Federal prosecutors say Dr. Stanislaw Burzynski, who has drawn hundreds of patients from across the country, has violated federal drug rules and defrauded insurance companies in dispensing his experimental cancer drug known as anti-neoplaston.

The Polish-born physician discovered the compound in human urine and now makes it synthetically. He claims it turns off cancer genes by interrupting signals for cells to multiply.

Patients rally for Burzynski


The government says he can't prove that.

As his trial got under way, dozens of Burzynski's patients and their relatives rallied to his defense outside the federal courthouse. Among them were the Grahams, with their son.

"If they take his medicine now," said Leslie Graham, "the cancer will come back and he'll die."

The government says Burzynski has thumbed his nose at Food and Drug Administration rules designed to protect the sick, and has made $40 million doing it.

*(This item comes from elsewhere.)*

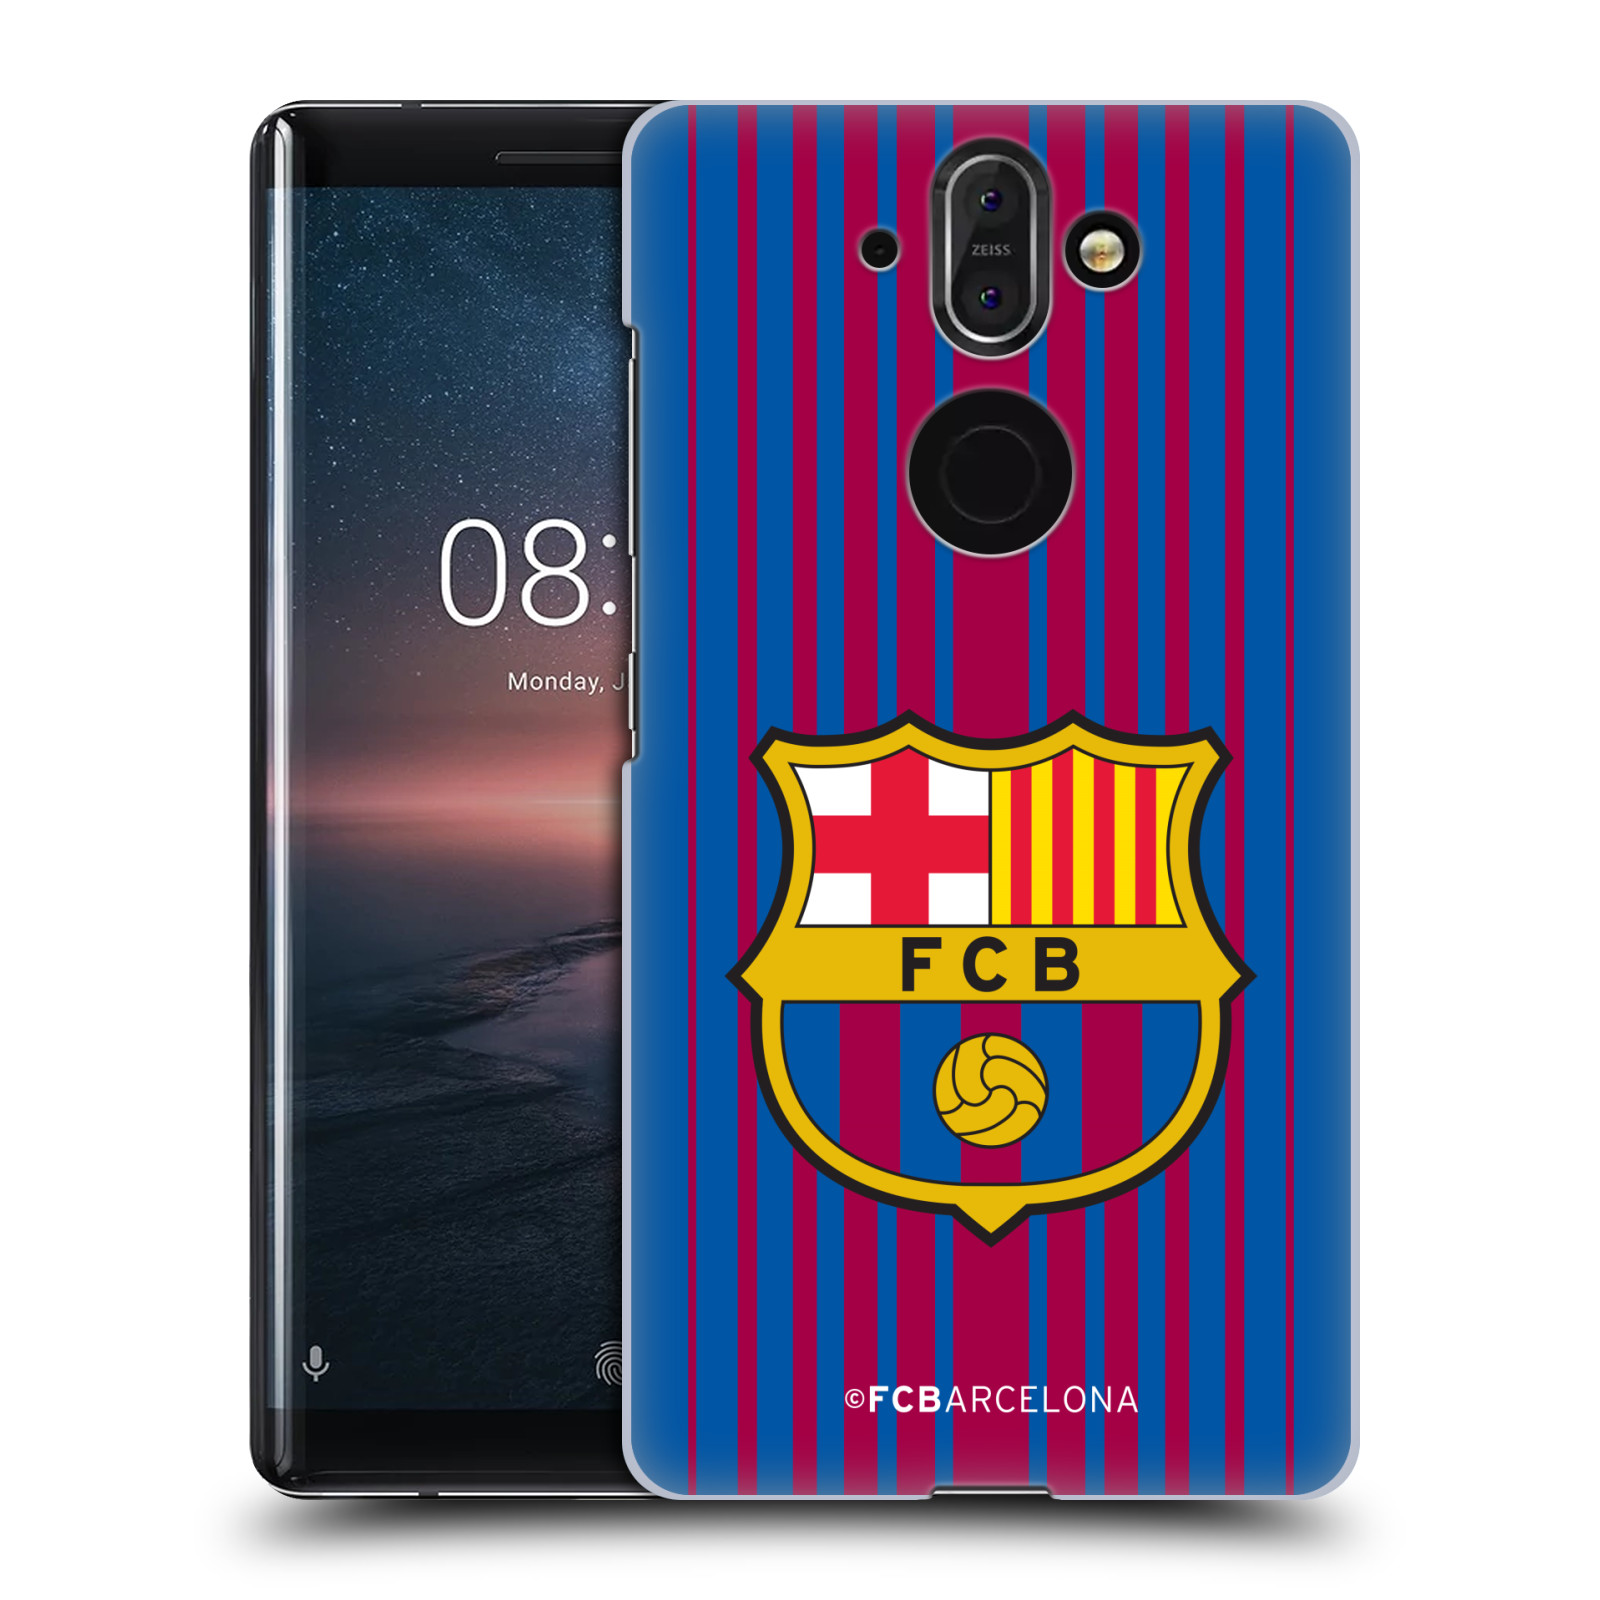 Plastové pouzdro na mobil Nokia 8 Sirocco - Head Case - FC Barcelona - Logo domácí

"We are trying to save their lives," says Dr. Burzynski, "but against us are bureaucrats for whom their lives mean nothing."

Value of drug may not be decided


Not everyone who has gone to Burzynski has improved.

KNWS-TV anchor Sydney Seaward, suffering from breast cancer, sought treatment after tumors spread to her brain and lungs, but gave up after having severe side effects.

"I was very disappointed by the experiences," says Seaward. "I feel I was set back."

Seaward has since undergone conventional radiation.

Whether anti-neoplastons actually work may not even come up during the trial. The judge says it's not relevant, but the defense contends that is exactly the point -- that what was done in developing the drug and administering the drug was done to save lives.

The trial is expected to last about two months. The jury may then decide whether Burzynski is a fraud or a medical pioneer.